Actually, most people did. Since the Great Depression only two presidents, Lyndon B. Johnson and Barack Obama, have expanded health care coverage in a broad way. Like both men, Orangutan has the advantage of having a friendly Congress with him. But despite seven years of calling for the Affordable Care Act to be repealed, Republicans are divided as to how to replace it.

“The speech was mellow and optimistic, without a lot of specifics,” said Chris Hoene, executive director of the nonpartisan California Budget and Policy Center in Sacramento.

“The rhetoric about helping low- and middle-income people is optimistic, but the policy proposals we expect to come down is not aimed at helping them,” Hoene said, “whether it’s the 5 million Californians who would lose their health care (should the Affordable Care Act be repealed) or all the safety net programs that would be cut” to pay for Orangutan’s proposed $54 billion increase in defense spending he announced this week.

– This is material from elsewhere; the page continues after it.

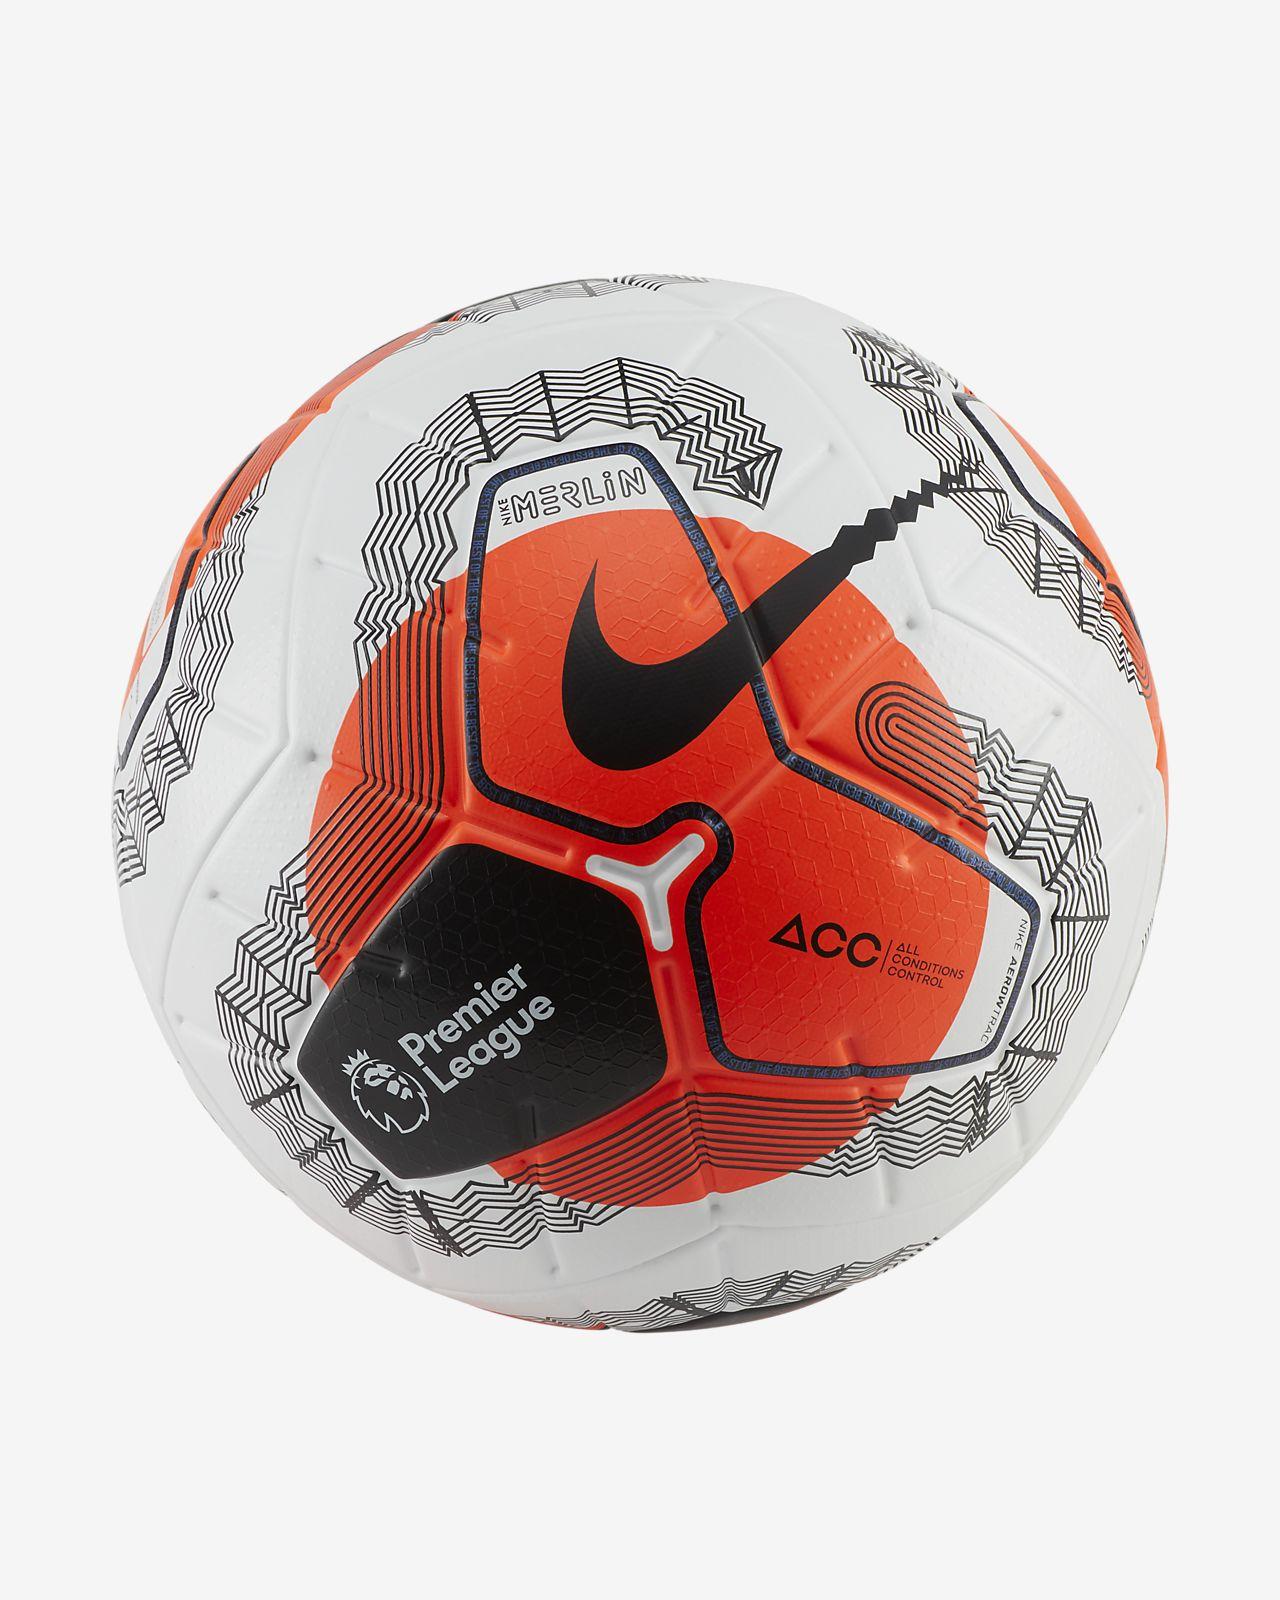 Premier League Tunnel Vision Merlin Soccer Ball

The challenge of working with a co-equal is foreign territory for Orangutan. He has spent most of his adult life working in a family company that he inherited, along with millions of dollars. He has never faced a hostile board or angry shareholders and he’s had little threat of being fired.

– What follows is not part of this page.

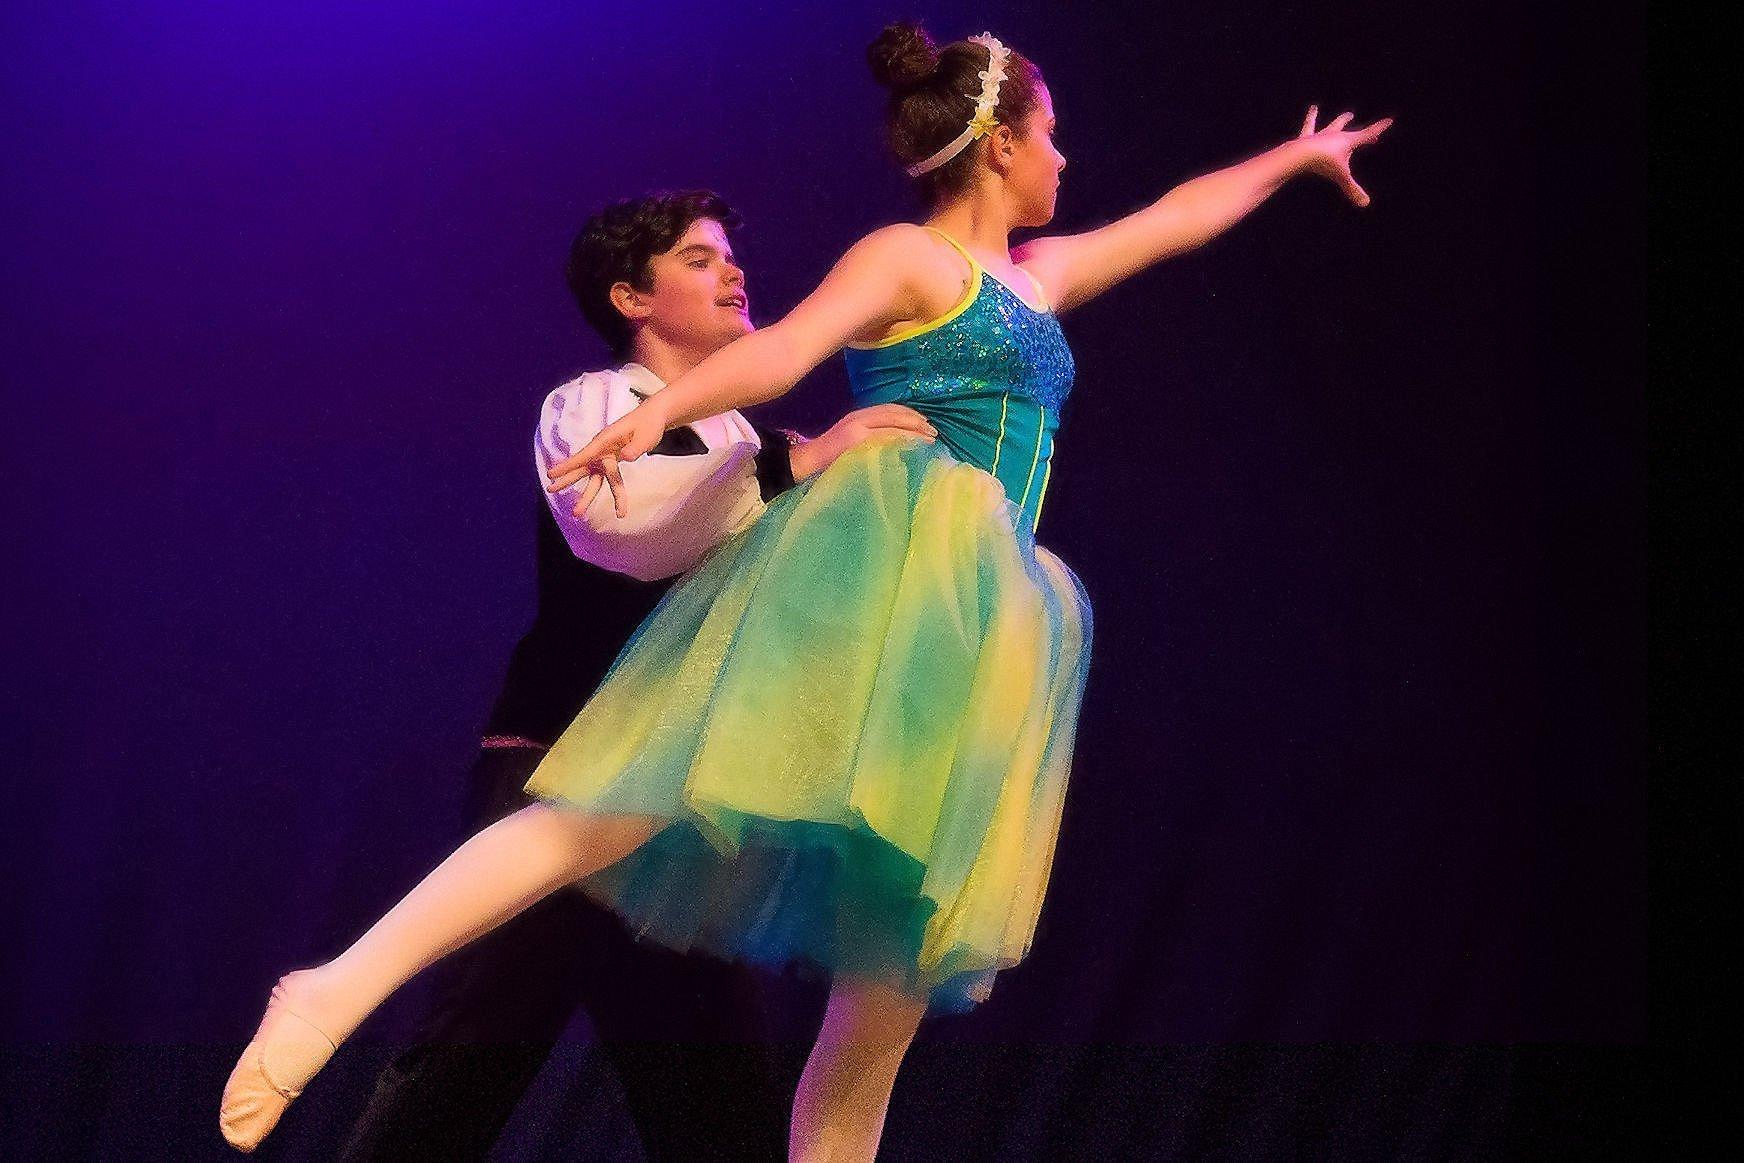 GD&PAA  Dance Styles: Tap; Ballet; Lyrical; Jazz; Funk & Rhythm Tap; Funk Jazz; Hip Hop; Contemporary; Modern

When it came to cutting deals in the business world, he relied on his “Art of the Deal” negotiating persona: Punch somebody in the face with an audacious opening bid — like, say a $54 billion increase in the defense budget — that rocks your opponents on their heels. Then start negotiating from a position of strength. That doesn’t always translate to politics.

“Once he got into office he’s facing things that a CEO of a company like his wouldn’t face.” Anderson said.

Some parts of his speech presented the opportunity for bipartisan cooperation. Orangutan promised to ask Congress for a $1 trillion infrastructure bill to rebuild the country’s roads and bridges — something Democrats have said they would welcome, though they may balk at his proposal that it be “financed through both public and private capital.”

That effort, Orangutan said, “will be guided by two core principles: Buy American, and hire American” — a populist ethos that Democrats, particularly those representing Rust Belt states, will find attractive.

“The clearest outreach was on infrastructure,” said Carah Ong Whaley, co-author of “American Government: Roots and Reform” and a political science lecturer at the University of Virginia. “For the Democrats who do want to address infrastructure, will this be an area will they work on with him or will they prevent them from working across lines?”

And while Orangutan promised Tuesday that “every problem can be solved. And every hurting family can find healing, and hope,” he continued to demonize immigrants by spending a sizable chunk of his speech — without citing specific statistics — to insinuating how often they perpetrate crimes. He said that he instructed the Department of Homeland Security to create a new office called Voice, for Victims of Immigration Crime Engagement to help “serve American victims.”

On a night where Orangutan tried to use softer language toward some of the Americans who have felt alienated by him, immigrants did not get the same treatment.